Davidlohr Bueso <dave@stgolabs.net> writes:

> On Thu, 09 May 2024, Huang, Ying wrote:
>
>>With the default configuration, current NUMA balancing based promotion
>>solution will almost try to promote any faulting pages.  To select hot
>>pages to promote and control thrashing between NUMA nodes, the promote
>>rate limit needs to be configured.  For example, via,
>>
>>echo 200 > /proc/sys/kernel/numa_balancing_promote_rate_limit_MBps
>>
>>200MB hot pages will be selected and promoted every second.  Can you try it?
>
> Yes, I've played with this tunnable and, just like the LRU approach, it
> shows nice micro wins (less amount of promotions/demotions) but little for
> actual benchmark improvements at a higher level, merely noise level or
> very sublte wins. In fact, the actual data from that series for this
> parameter was a ~2% pmbench win with the rate limiting, but a 69% promotion
> rate descrease.

Thanks a lot for update!

IIUC, page promotion/demotion only helps performance if there are hot
pages in the slow memory and cold pages in the hot memory.  This may be
not true for quite some workloads configurations.

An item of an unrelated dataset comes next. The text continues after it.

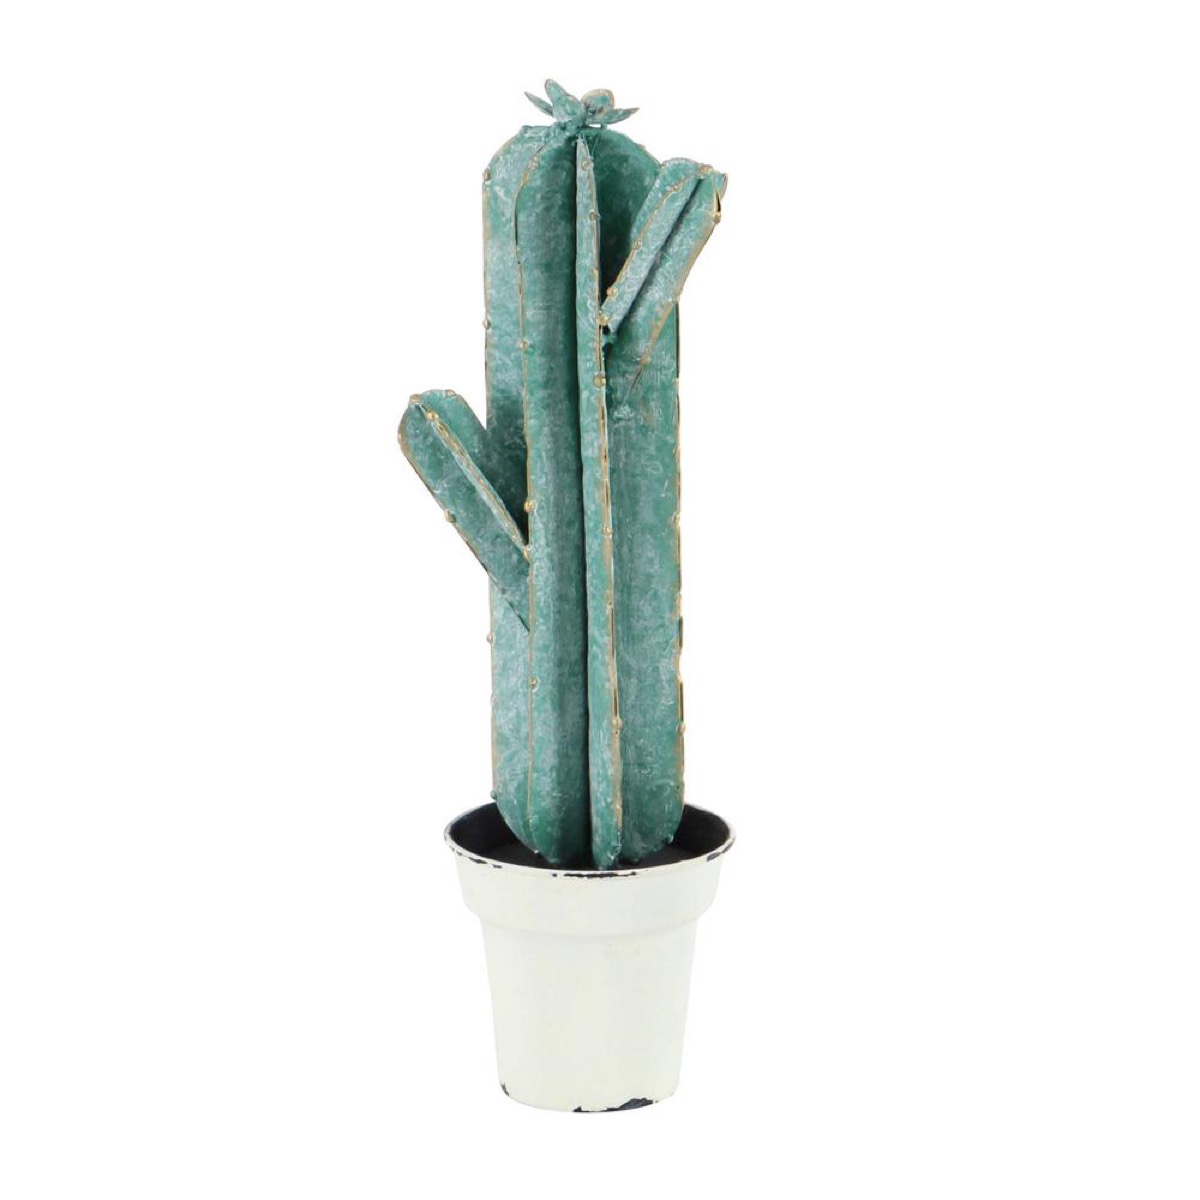 Cactus Sculpture in a Pot Home Depot

For example, the default allocation mechanism is local first.  In the
context of memory tiering, it's the fast memory first.  In various
workloads, it's quite normal that hot pages will be allocated firstly.
This makes it unnecessary to optimize the page placement until there's
some configuration changes in the system.

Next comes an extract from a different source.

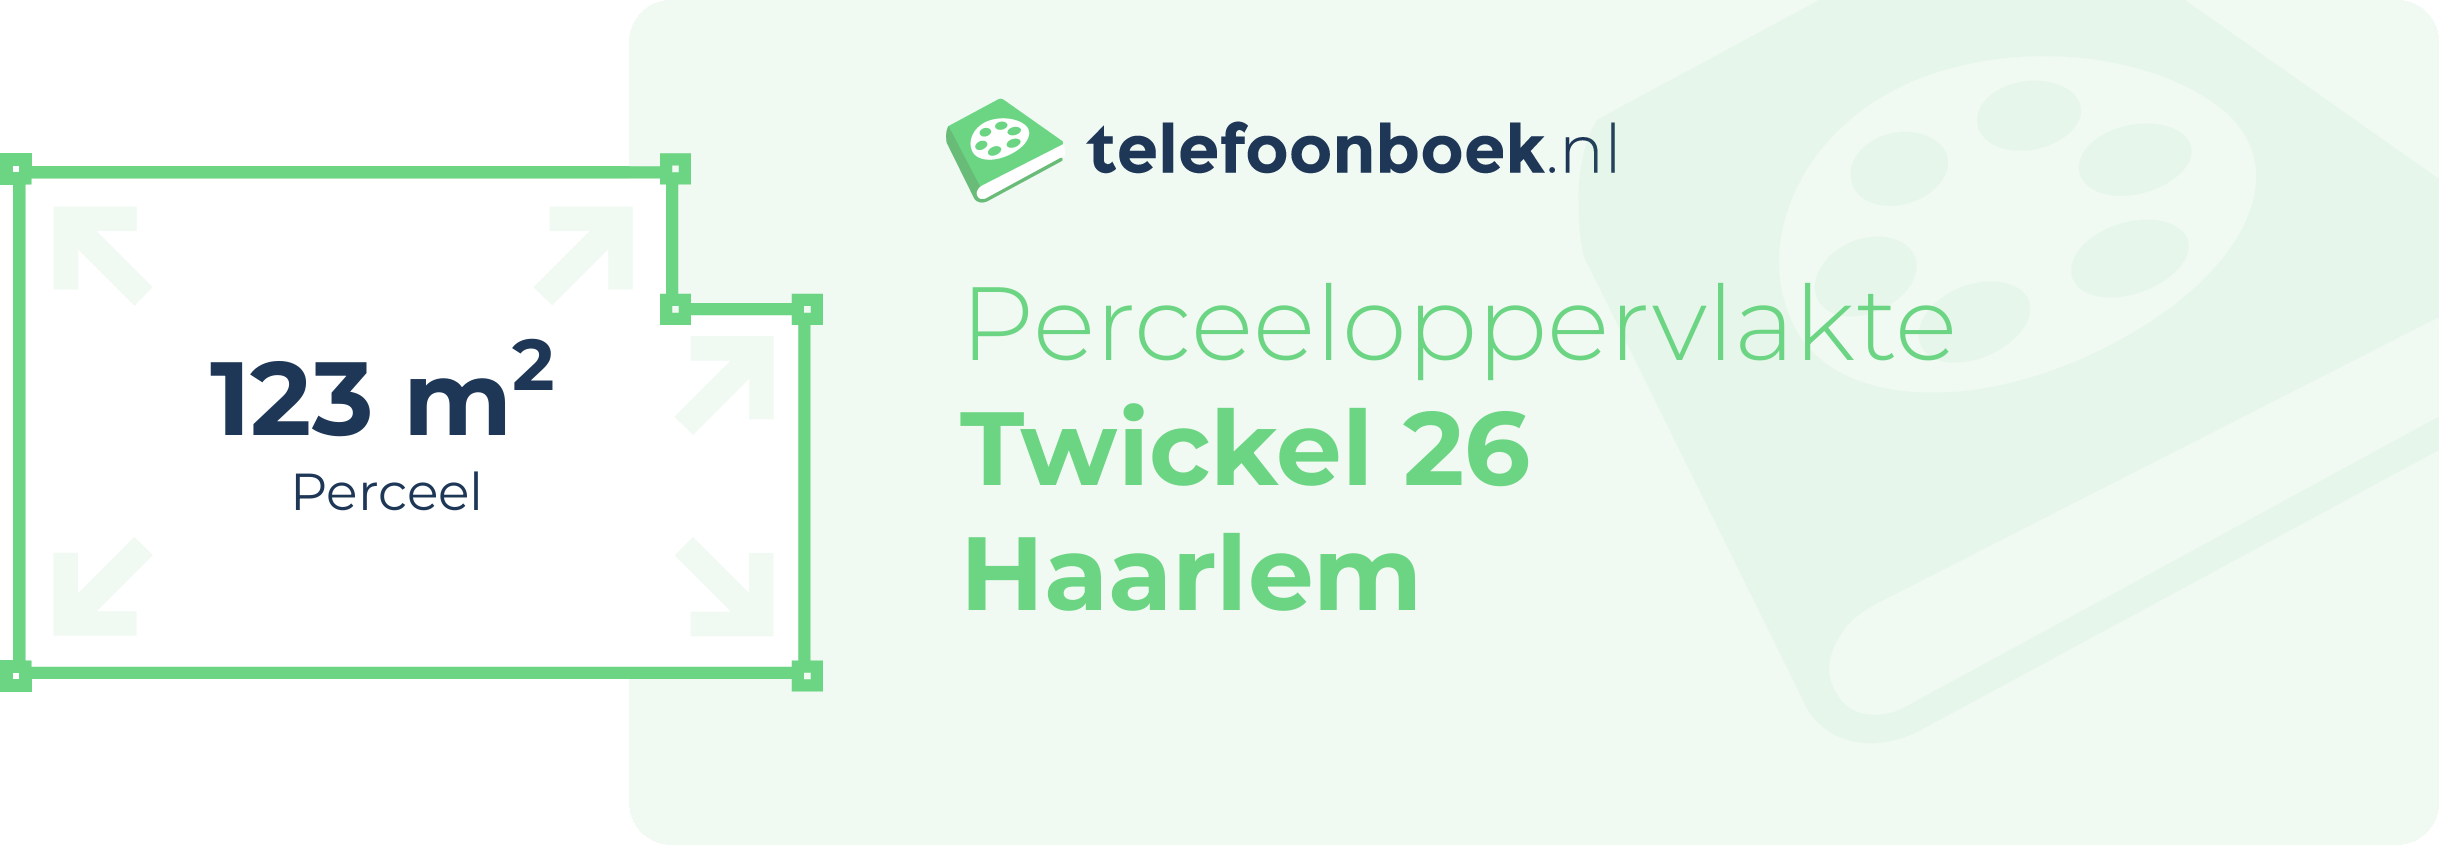 Perceeloppervlakte Twickel 26 Haarlem

So, to evaluate the optimization, we need to

1) check the overhead of the optimization when page placement is almost
optimal already.

2) find configurations where the page placement isn't good enough, and
check whether memory tiering optimization works.

> And this is really my point, how much effort do we want to put in optimizing
> software mechanisms for hot page detection? Are there other benchmarks we
> should be using? And perhaps doing the async promotion and not incurring in
> the numa balancing overhead and comparing the cost of migration before
> promoting would yield some better numbers, but that also might be easy to
> get wrong when compared to the relative hotness of the page.

I believe that there are still quite some spaces to optimize the
software mechanisms.  The current implementation is as simple as
possible in fact.

--
Best Regards,
Huang, Ying